## WHAT YOU WILL DO
Line by line, output everything from the one that contains "JOSERA Pack de" through the end of the material below, exactly as written and with no pictures.

## SOURCE DATA
_ _ _ _ _ _ _
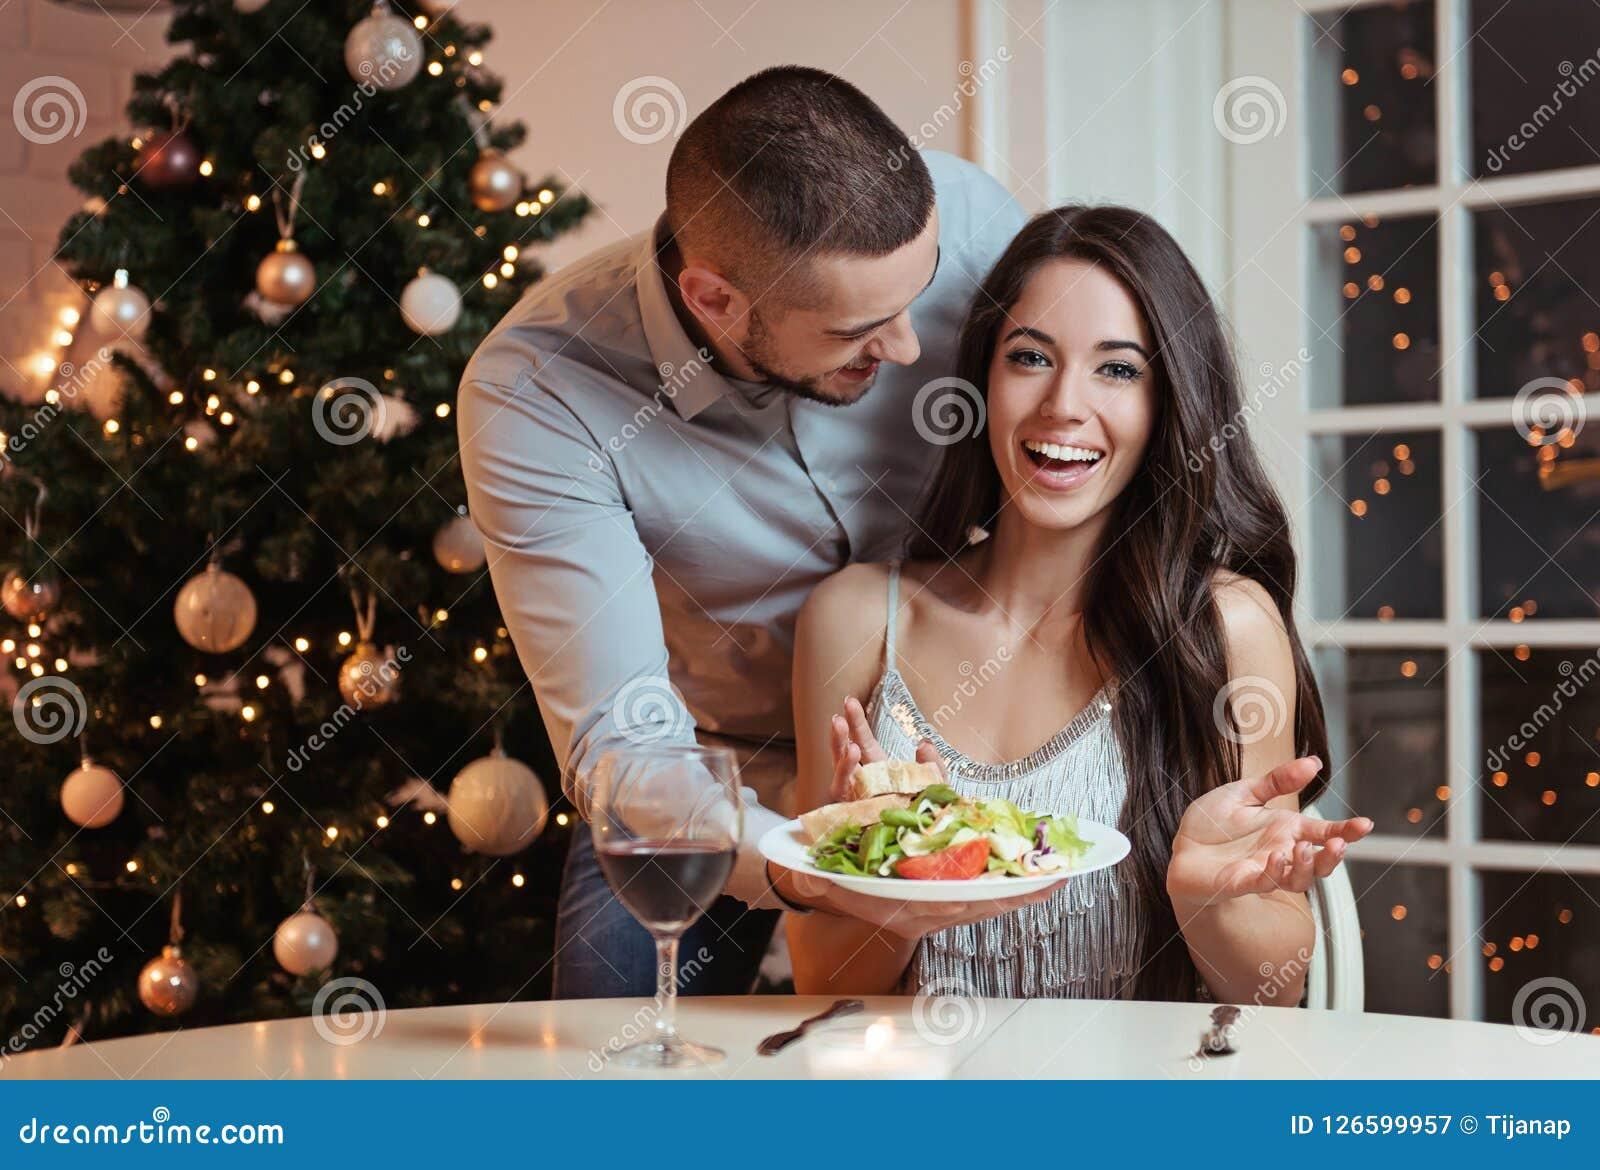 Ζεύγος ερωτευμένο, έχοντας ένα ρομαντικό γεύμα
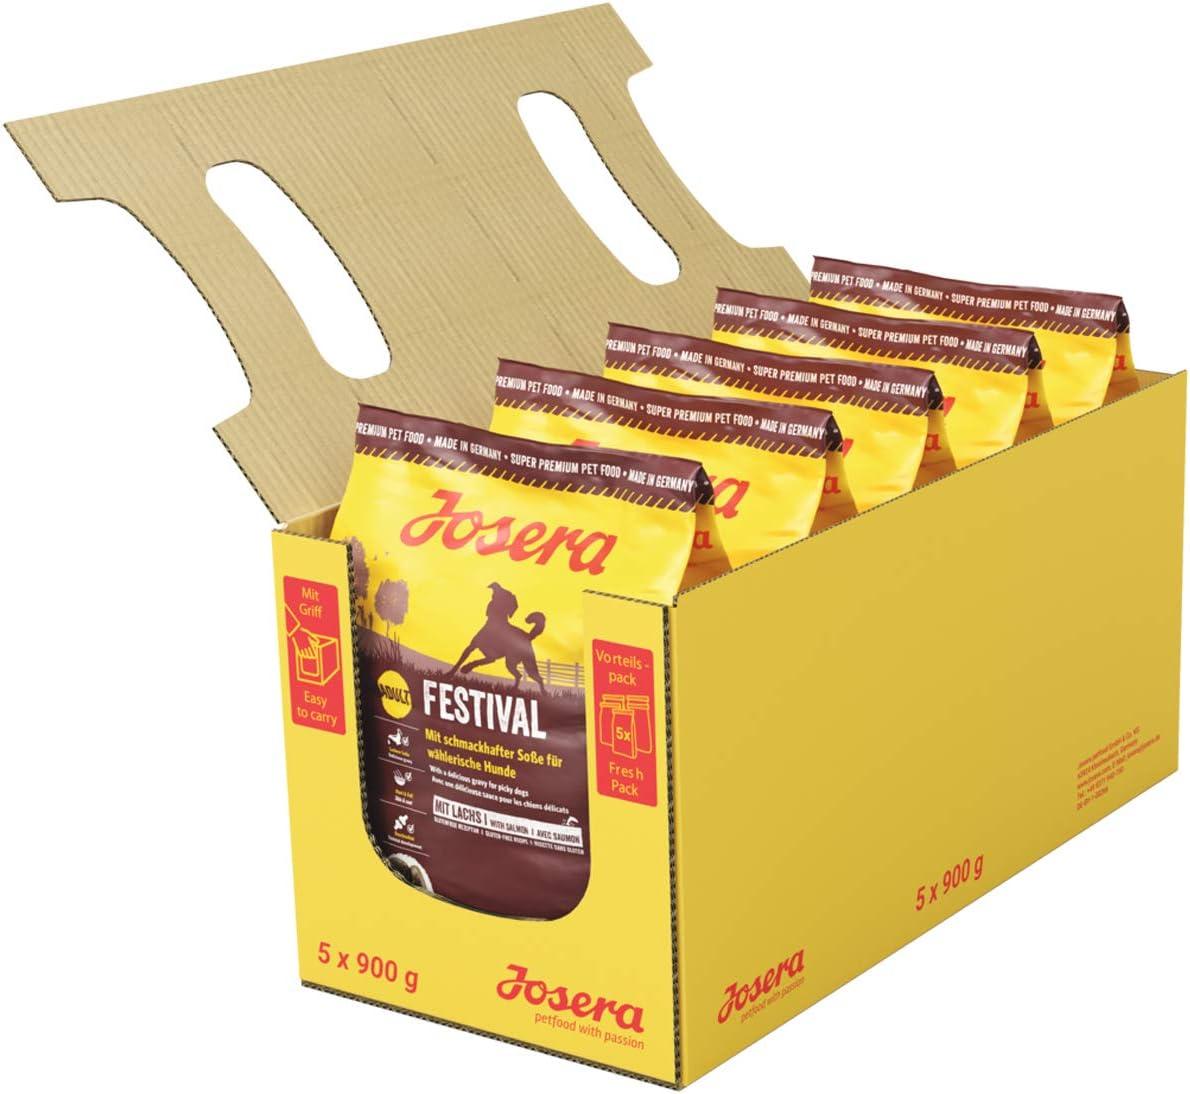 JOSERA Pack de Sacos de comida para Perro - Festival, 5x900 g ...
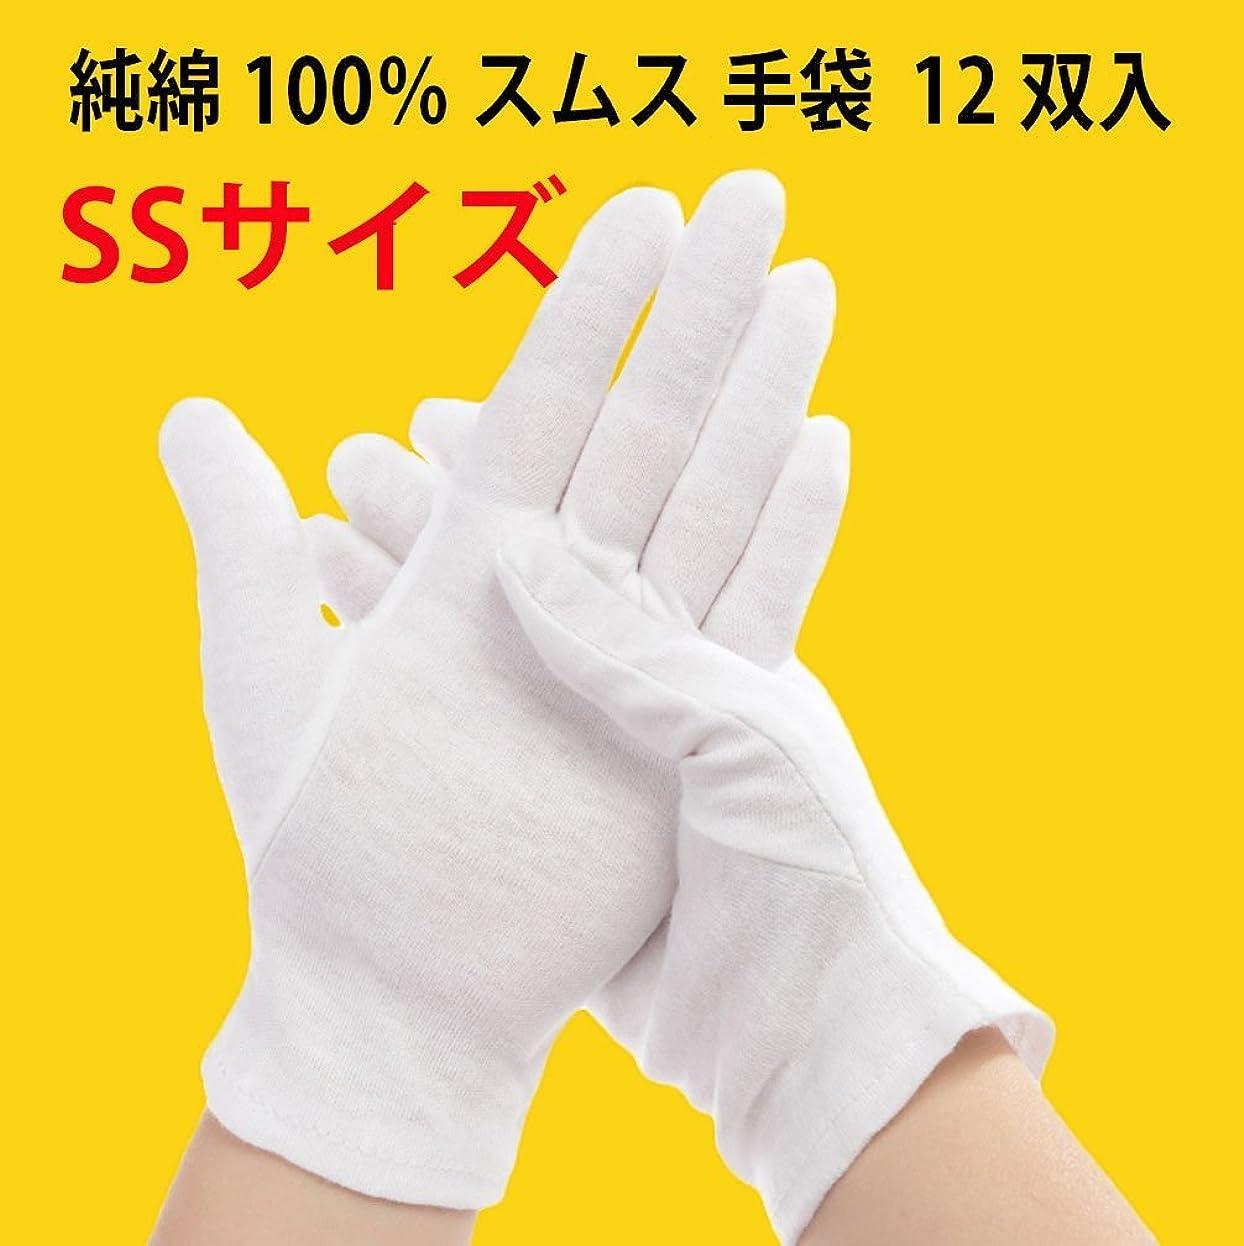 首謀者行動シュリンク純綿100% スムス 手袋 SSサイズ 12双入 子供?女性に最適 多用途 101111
_ _ _ _ _ _ _
## ANSWER TO THE PROBLEM
 JOSERA Pack de Sacos de comida para Perro - Festival, 5x900 g ...
 首謀者行動シュリンク純綿100% スムス 手袋 SSサイズ 12双入 子供?女性に最適 多用途 101111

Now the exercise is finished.